Some genetic disorders affect specific parts of the body while others can impact the entire system. For example, cystic fibrosis primarily affects the respiratory and digestive systems, while Muscular Dystrophy (MD) affects skeletal muscles. Treatments for genetic disorders often focus on managing symptoms and improving quality of life, as many of these conditions are currently incurable. Genetic counseling is recommended for affected families to understand the risks and inheritance patterns.

Skeletal muscle degeneration refers to the progressive weakening and loss of muscle tissue, often resulting in reduced strength and mobility. This can occur due to a variety of causes, including aging, injury, and genetic conditions like Muscular Dystrophy.
Muscular Dystrophy is particularly notable because it involves a genetic defect that disrupts the production of specific proteins crucial for muscle repair and maintenance. This results in the gradual breakdown of muscle fibers, leading to symptoms such as weakness, reduced muscle mass, and difficulty with physical activities. In many cases, symptoms appear in early childhood and progressively worsen, significantly impacting daily life.

• Early symptoms include trouble walking and frequent falls.
• As it progresses, cardiac and respiratory muscles may also weaken.
• Physical therapy and muscle-strengthening exercises can help slow progression.

Understanding the mechanism behind muscle degeneration aids in developing targeted therapies that can potentially slow or alter the course of these disorders.
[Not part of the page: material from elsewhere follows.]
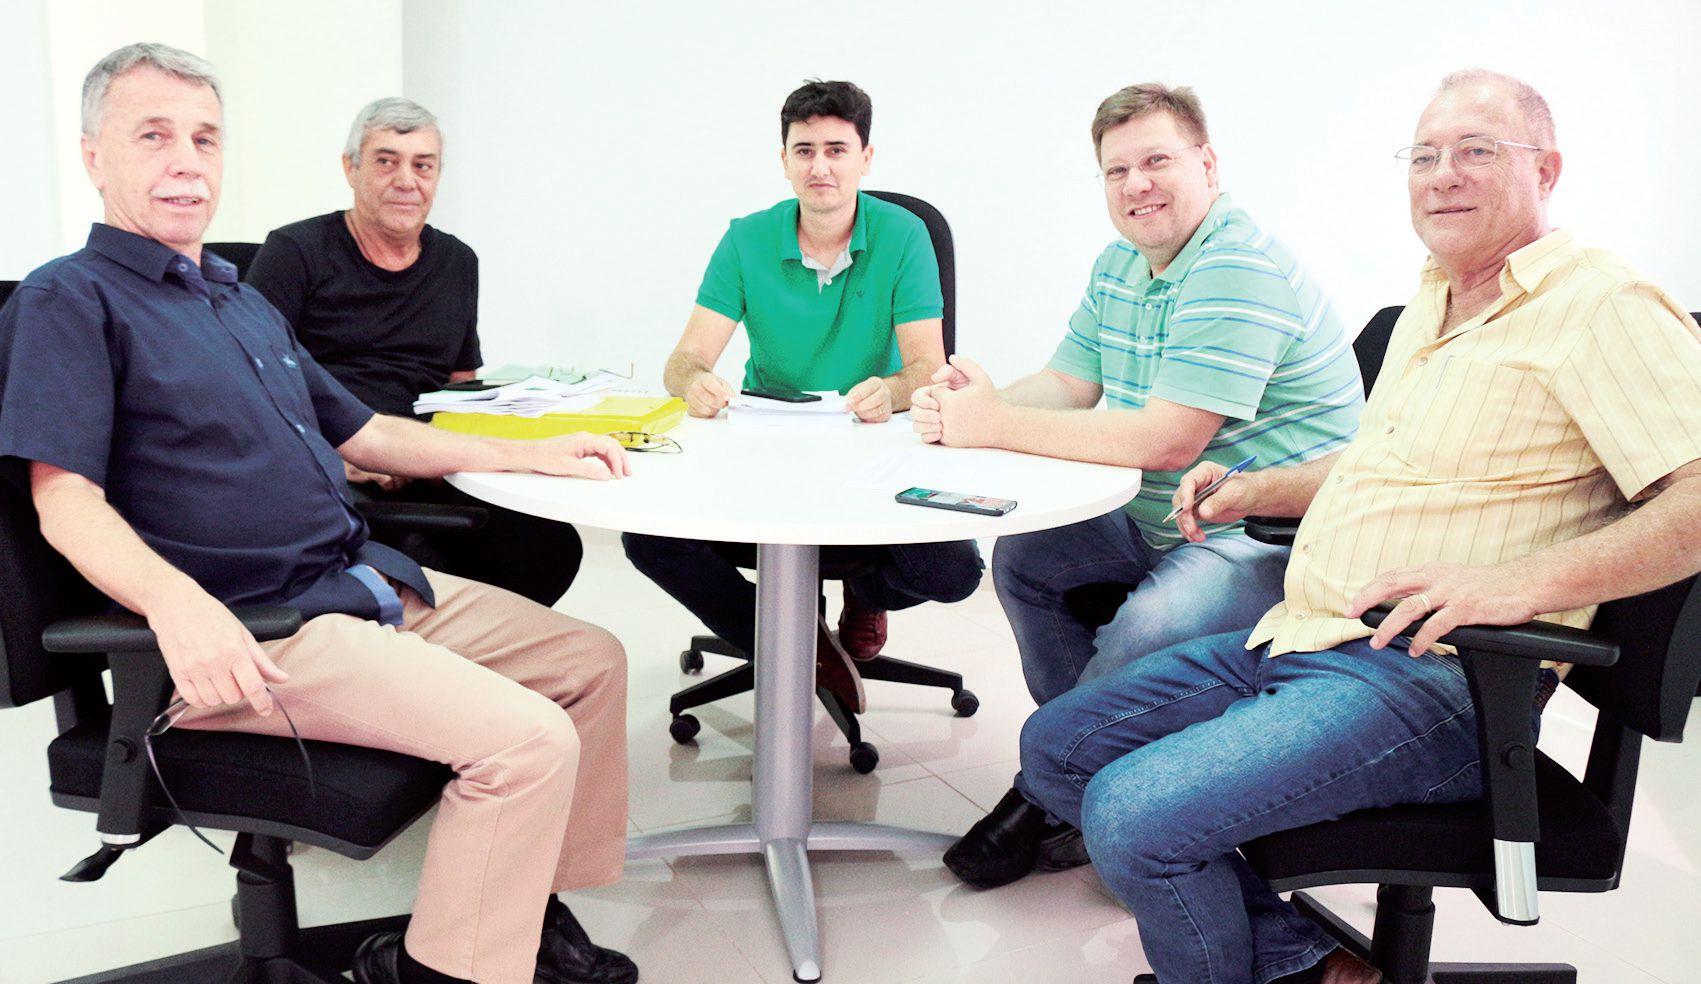 Diretor financeiro José Luiz, coordenador geral de controladoria Leonel Riberto Luiz, vereadores Mateus Scarso e Júnior Pazianotto e diretor geral Li Piazza

Objective Biology is a critical component of the NEET (National Eligibility cum Entrance Test), which is an entrance exam for students seeking admission to medical colleges in India. This exam covers various biological concepts, including genetic disorders, human physiology, and plant biology. To excel in NEET, students must grasp key concepts and apply this knowledge to solve multiple-choice questions.
In the context of NEET, understanding conditions like Muscular Dystrophy is essential, as it combines genetic principles with physiological applications. Such concepts require students to not only remember definitions but also comprehend how genetic abnormalities lead to diseases and affect bodily functions.

• Focus on understanding genetic inheritance patterns.
• Learn how specific disorders impact bodily systems.
• Regular practice with mock tests and previous papers to improve speed and accuracy.

Studying with a focus on these objectives ensures a thorough preparation for NEET, enabling students to confidently tackle questions on genetic disorders and other related topics.